The primary progressive (progressive nonfluent) aphasia form of FTD is characterized by:
- Progressive decline in all language skills, with no other cognitive deficits
- Increased difficulty with speech and speaking (by the end of the disease, most sufferers don’t speak at all)
- Speech and speaking is not fluent and requires a great deal of effort
MRI scans show predominant atrophy of the left perisylvian region of the temporal lobe.
The fourth most common type of early-onset dementia is Lewy Body dementia. I’ve included the link to my post about Lewy Body dementia for a full description, but will include a brief summary of the dementia’s primary symptoms:
- Progressive cognitive decline
- Fluctuating cognition
- Physical symptoms of Parkinson’s Disease
- Recurrent, well-defined, and detailed visual hallucinations
- REM Sleep Behavior Disorder
- Extreme sensitivity to antipsychotic medications
The fifth most common type of early-onset dementia is Wernicke-Korsakoff Syndrome (alcohol-related dementia). This is a lifestyle dementia, brought on by long-term, heavy alcohol consumption.
Characteristics of Wernicke-Korsakoff Syndrome include:
- Damage to the limbic structures and frontal lobes
- Memory impairment
- Executive functioning impairment
- Autobiographical memory is frequently affected resulting in confabulation (making up stories)

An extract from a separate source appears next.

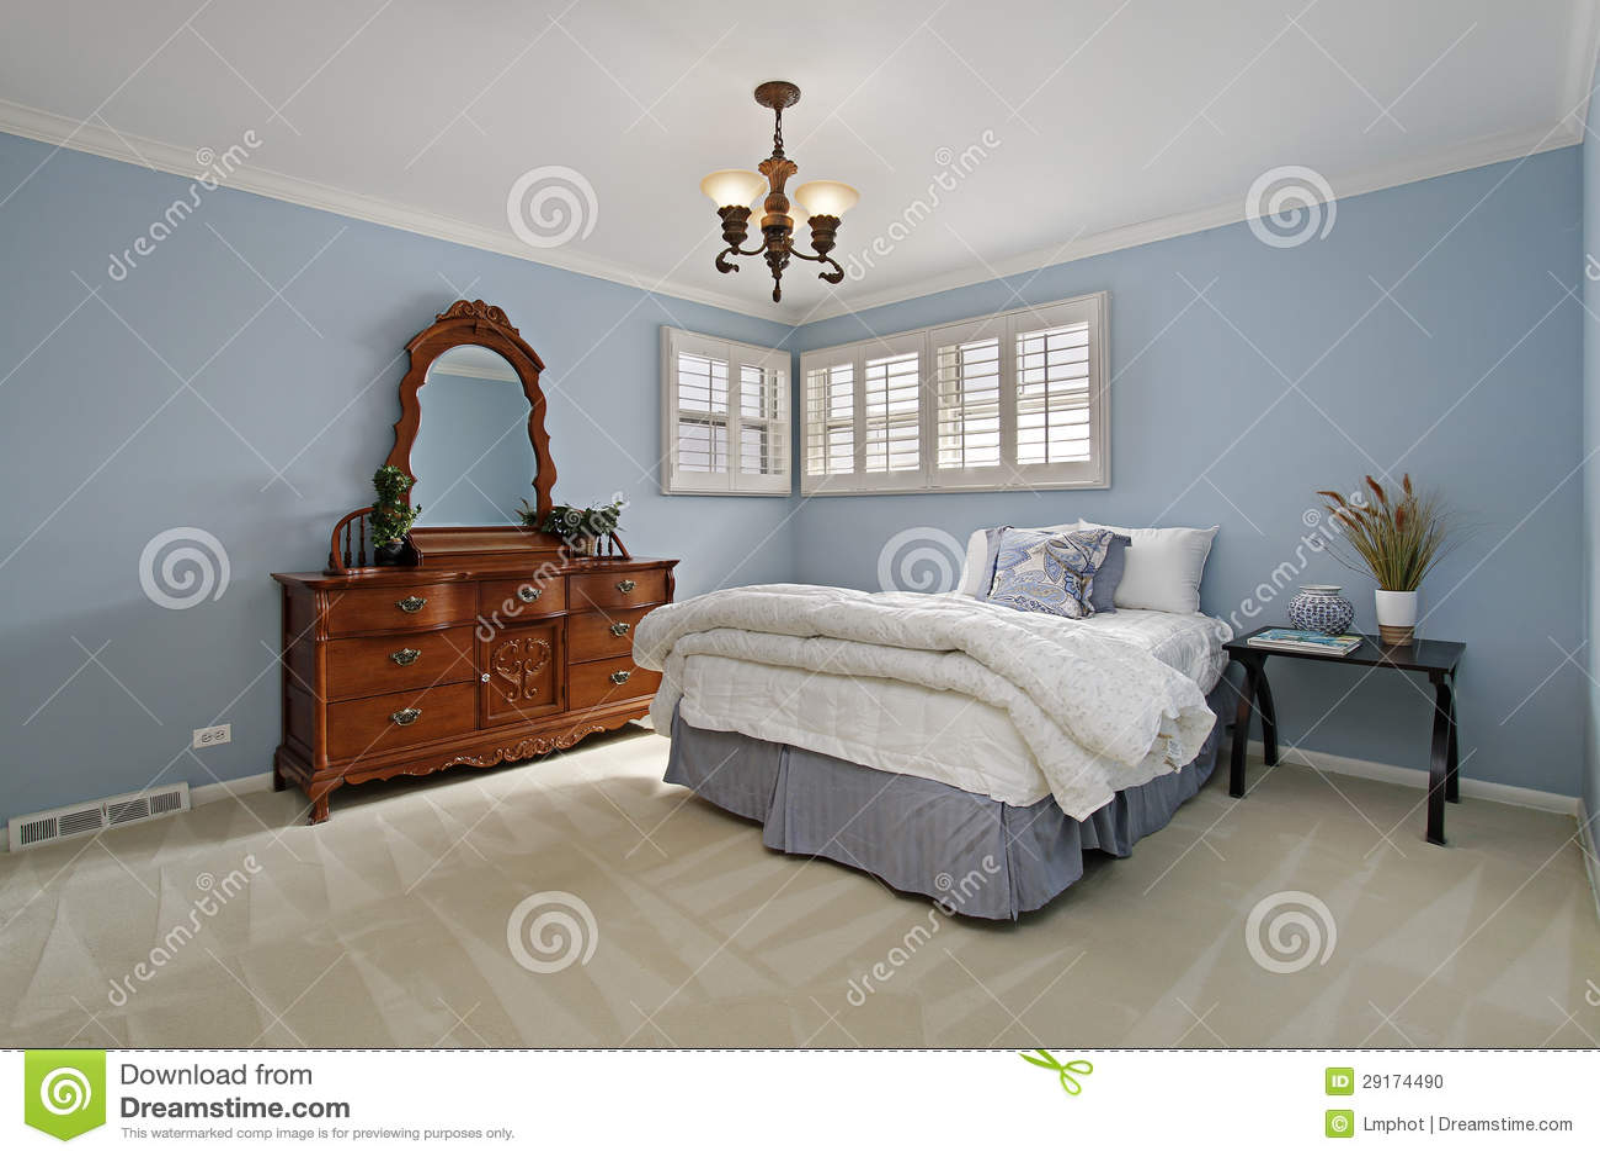 Camera da letto matrice con le pareti blu fotografia stock immagine 29174490 - Pareti blu camera da letto ...

- Memory loss stops where it is when drinking stops (damage already done remains)
As shown by the MRI scan above, there is general cortical atrophy along with damage to the frontal, parietal and cingulated regions of the brain, with the majority of the damage occurring in the frontal lobe.
There are two other less common types of early-onset dementia that we’ll discuss.

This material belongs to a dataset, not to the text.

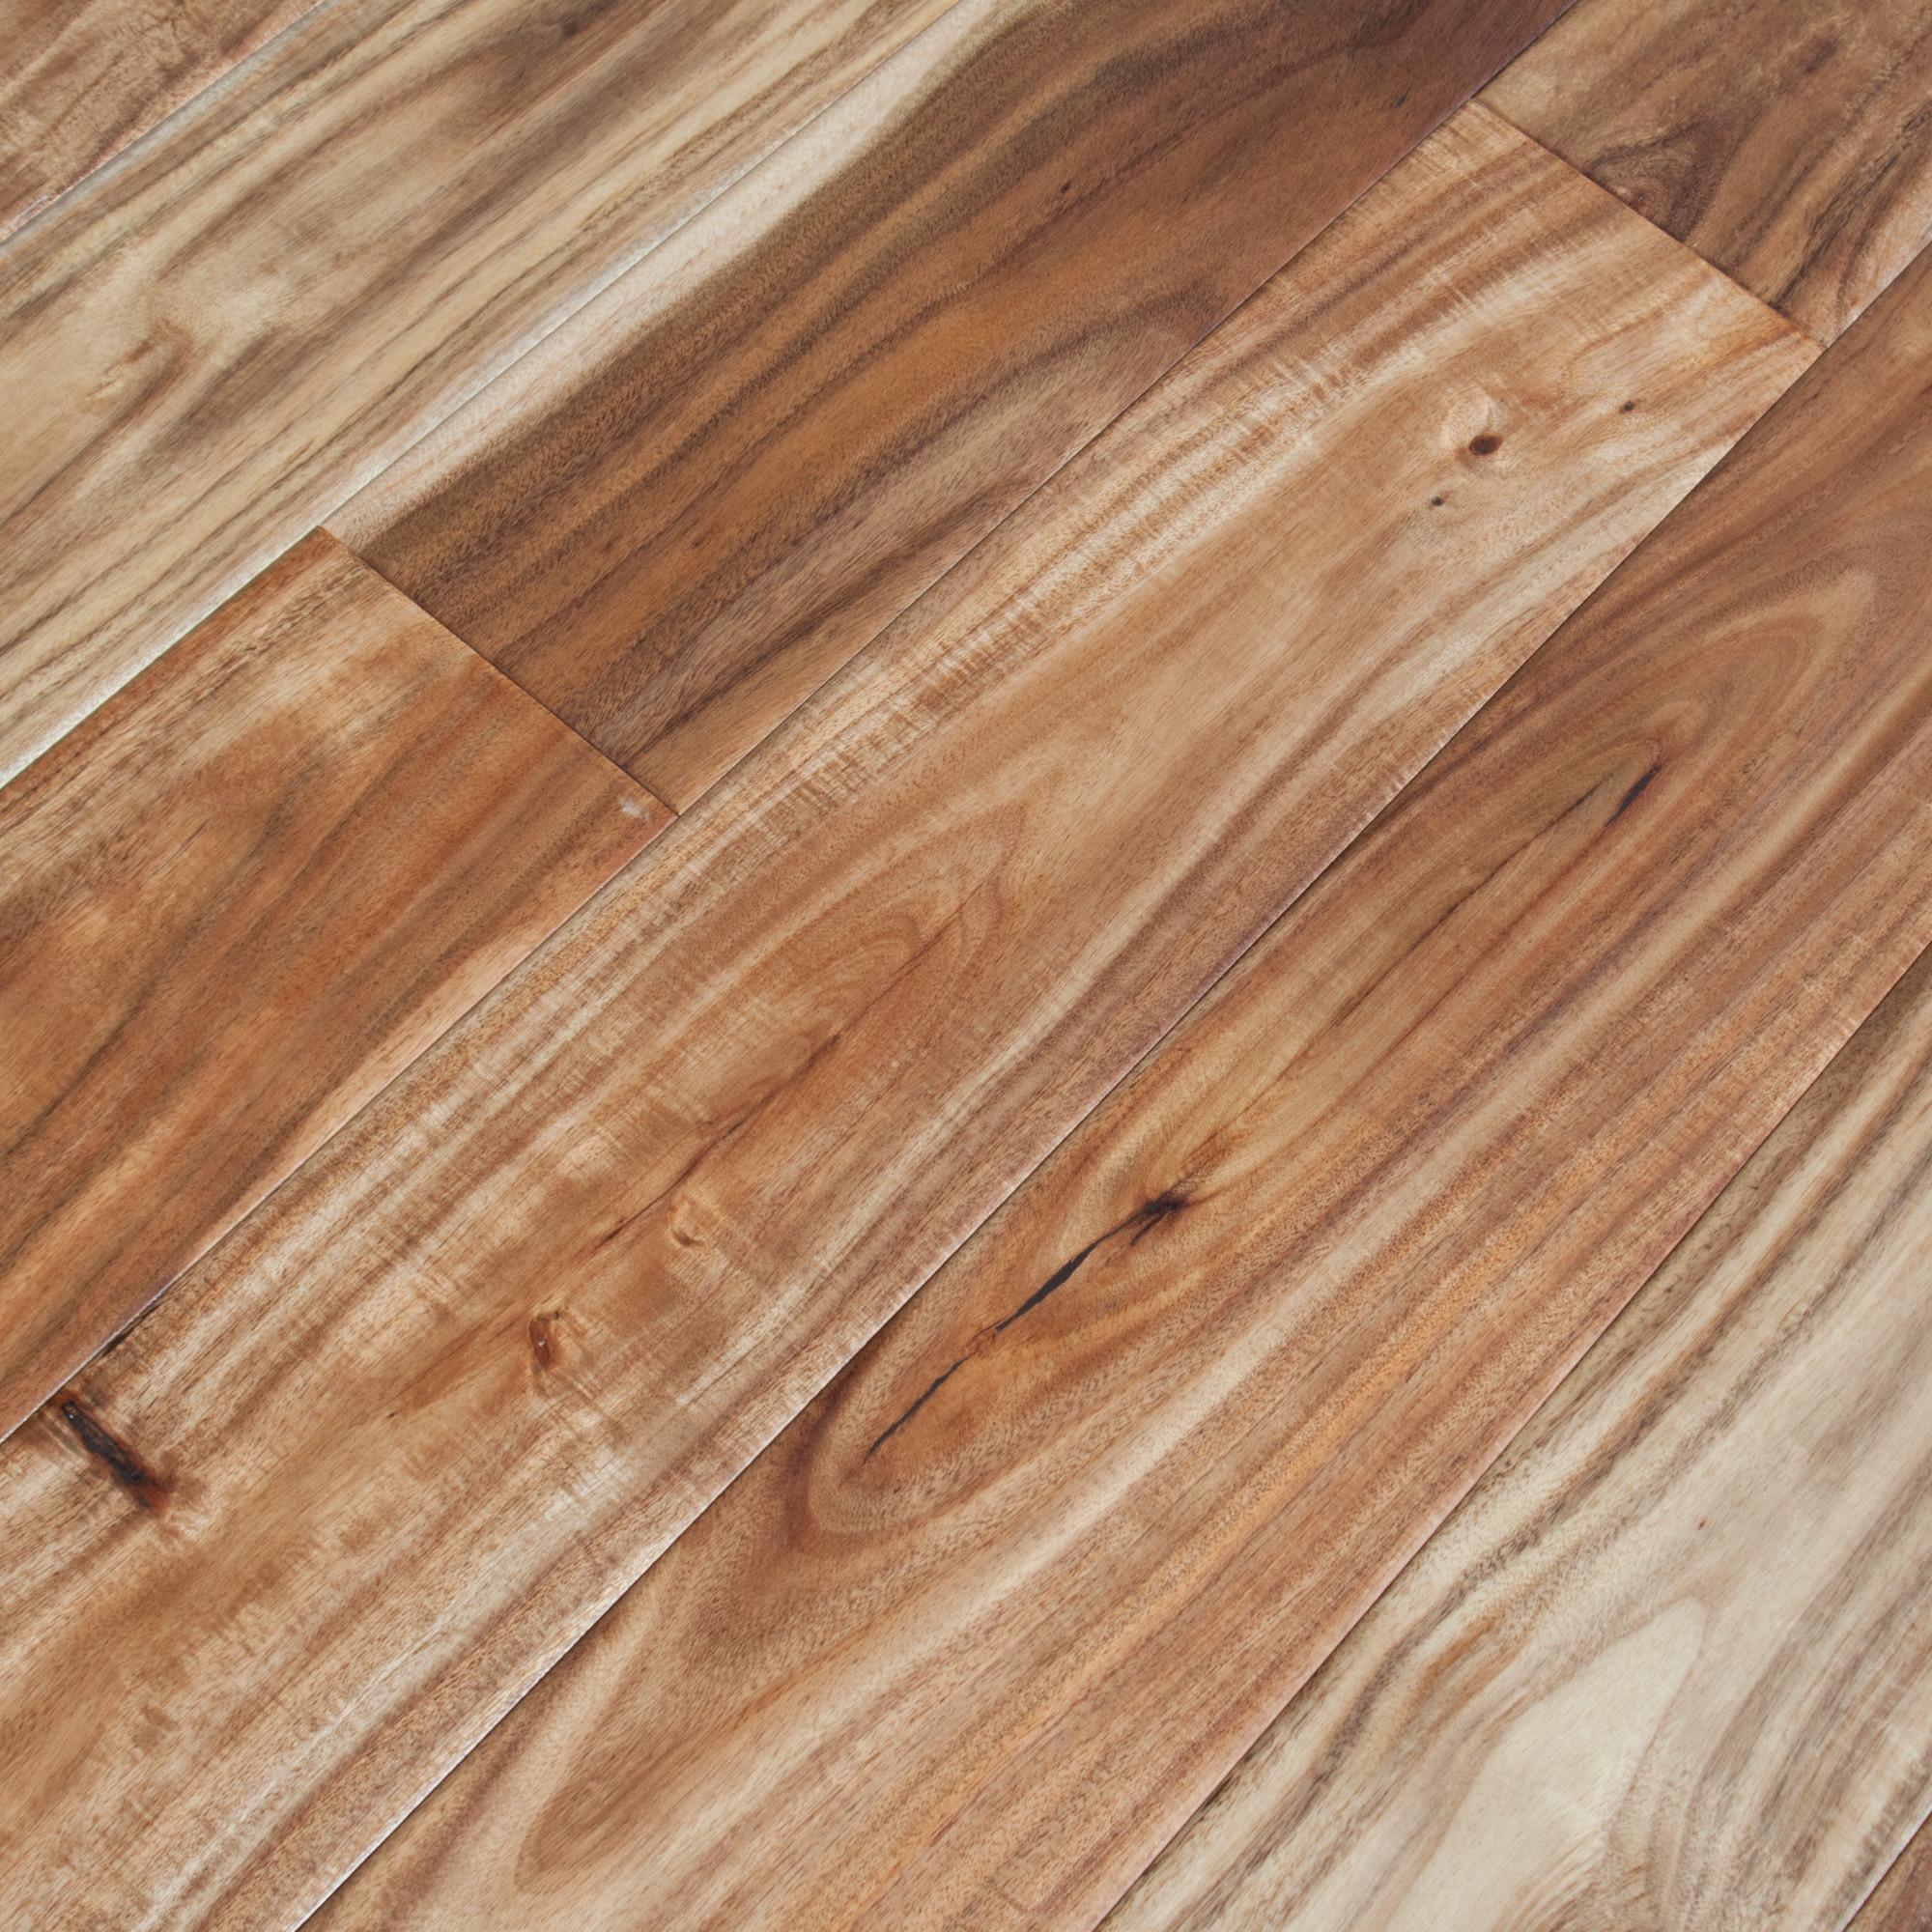 18 Attractive Underlayment For Engineered Hardwood Floors

One is Huntington’s Disease. As this genetically-inherited disease progresses, dementia develops.
Everyone is born with this gene. However, in Huntington’s Disease, an inherited mutated copy of this gene (on chromosome 4), produces a defective form of the huntingtin protein that causes degeneration and death of the neurons, especially in the center of the brain.

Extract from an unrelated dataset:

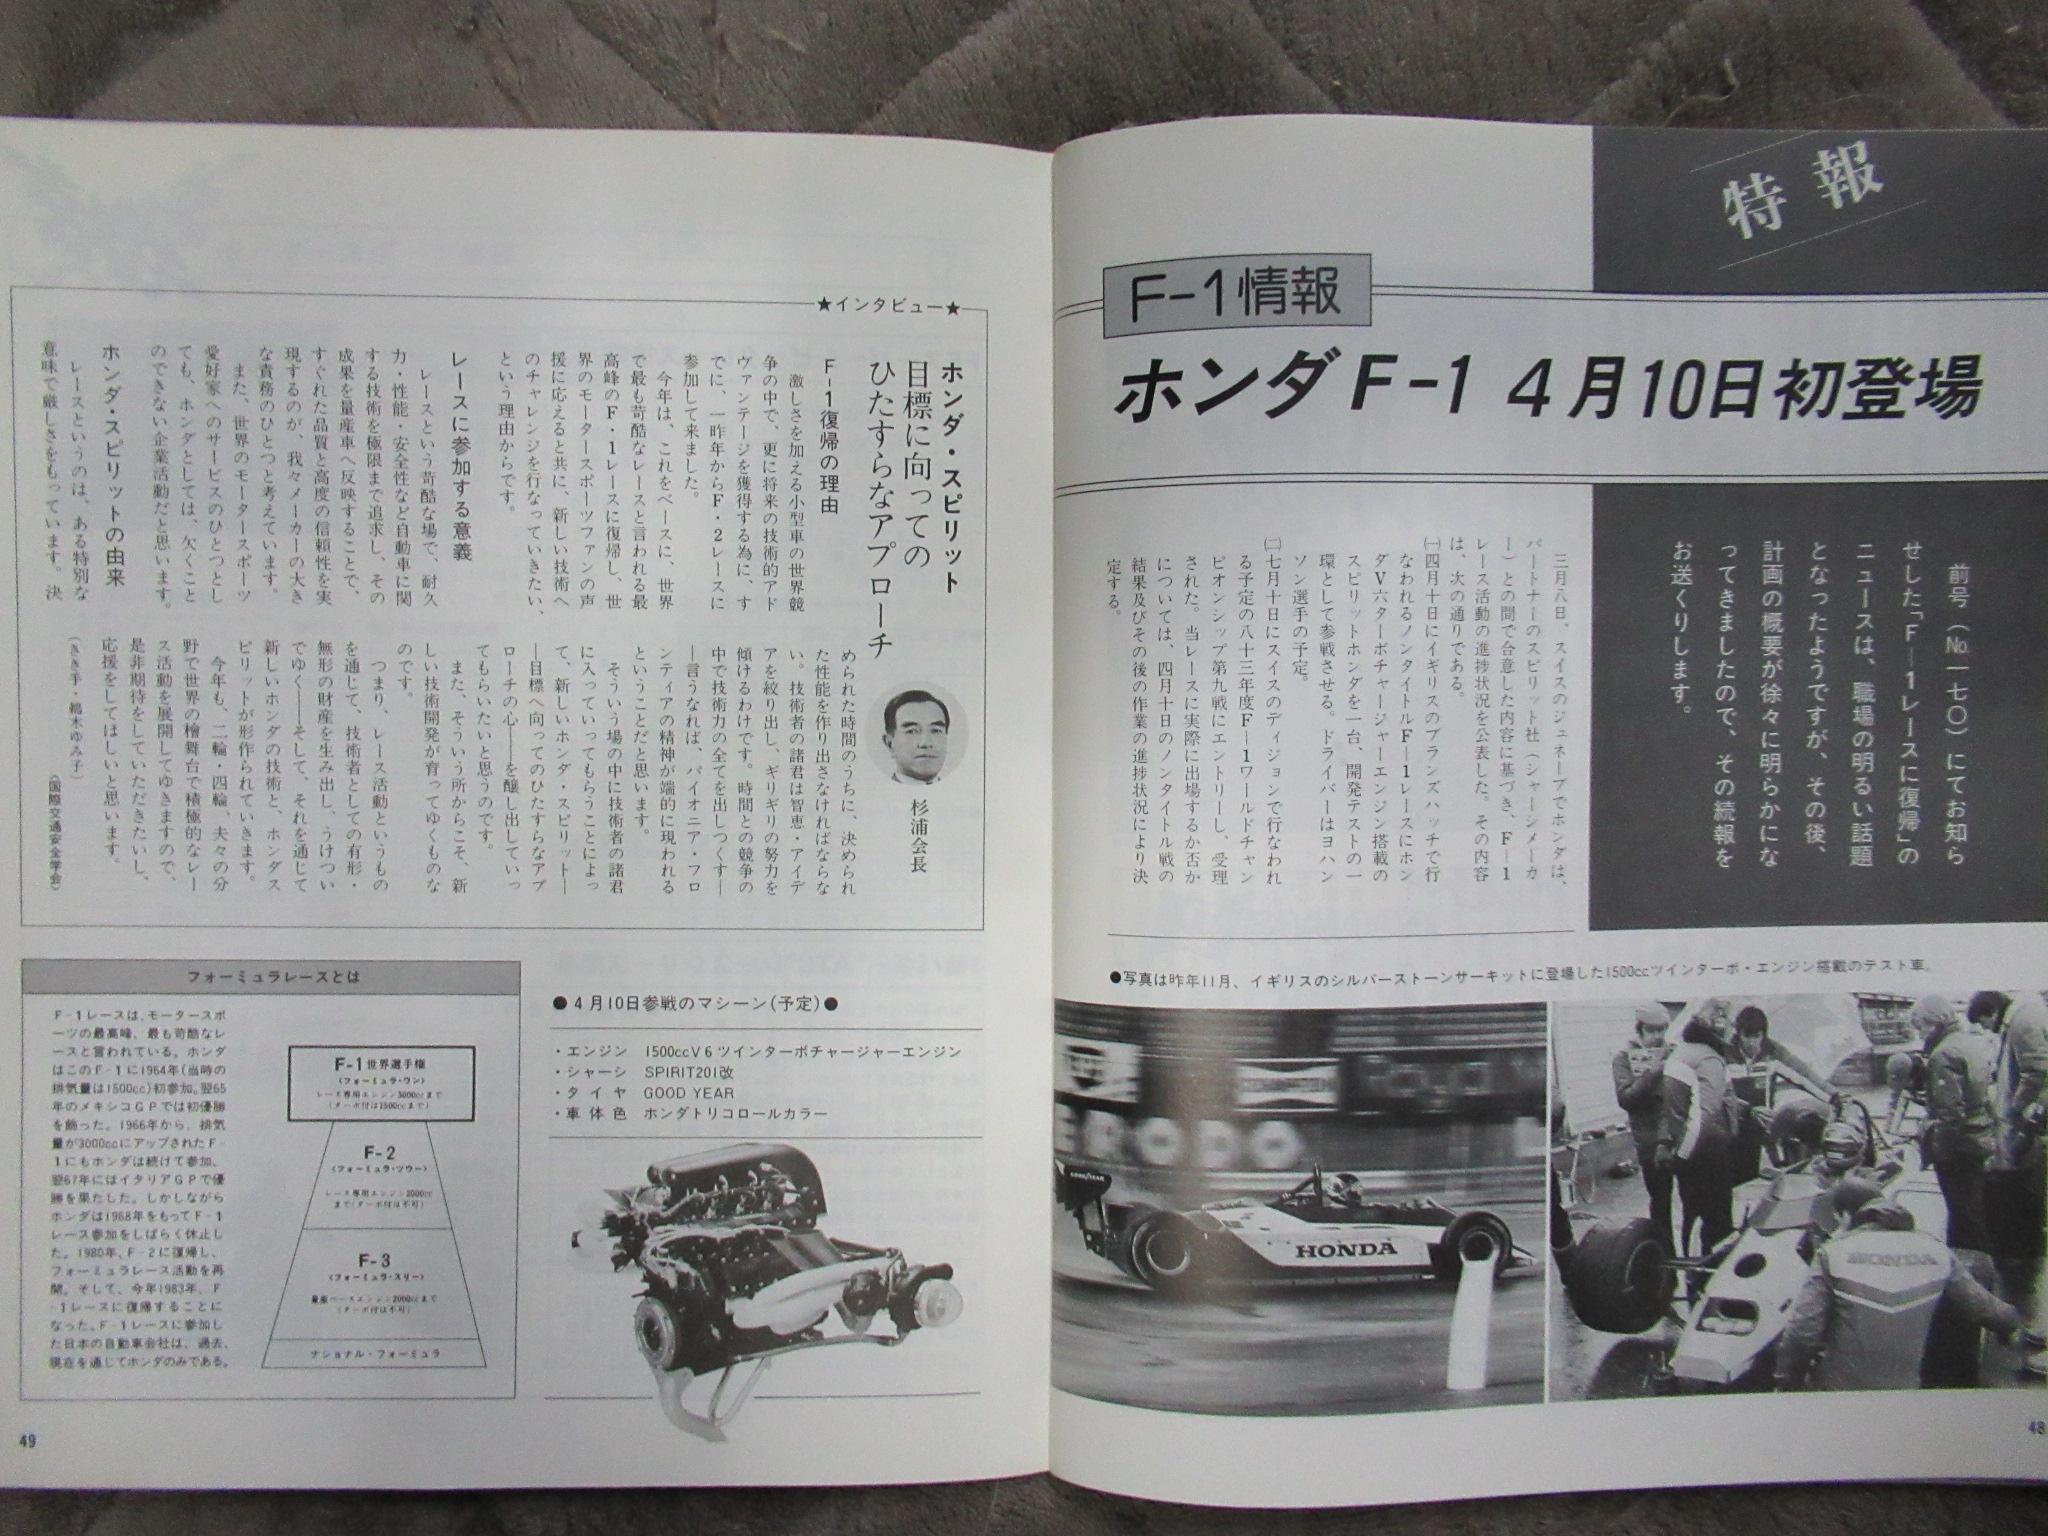 http://www.precious-factory.com/preciousfactory2010/IMG_0127.JPG

Because this gene is a dominant gene (as opposed to a recessive gene), everyone who inherits the mutated copy of the gene will, at some point, develop Huntington’s Disease.
Symptoms typically appear between ages 30 and 50, but it can begin at a very young age or appear in the very elderly. Primary symptoms include:
- Lack of muscle coordination in the arms, legs, head, face and upper body
- Progressive decline in thinking and reasoning skills, including memory, concentration, judgment and the ability to plan and organize
- Mood disturbances, including depression, anxiety, anger, and irritability
- Obsessive-compulsive behaviors
The last type of early-onset dementia, which is extremely rare, is Creutzfeldt-Jakob Disease (CJD). CJD is characterized by rapid neurological degeneration. It is always fatal, and death usually occurs within six months to a year of onset.
CJD belongs to a class of human and animal diseases called transmissible spongiform encephalopathies (TSEs), because the infected brain looks like a sponge. The average age of onset for CJD is 60.
“Mad Cow Disease” is the bovine equivalent of CJD (although it tends to affect younger people, with the average age of onset being 26).
There are three types of CJD:
- Sporadic (no known cause) – accounts for about 90% of cases
- Inherited (family history of the disease) – accounts for 5-10% of cases
- Acquired (transmitted by exposure to brain or nervous system tissue, usually through certain medical procedure) – accounts for less than 1% of cases
- Rapidly progressive dementia
- Problems with muscular coordination
- Personality changes, including impaired memory, judgment, and thinking
- Impaired vision
As CJD progresses, mental impairment becomes severe. Sufferers often develop involuntary muscle jerks (myoclonus), and they may go blind.
Eventually, they lose the ability to move and speak and become comatose. Pneumonia and other infections often occur as well, and they generally end in death.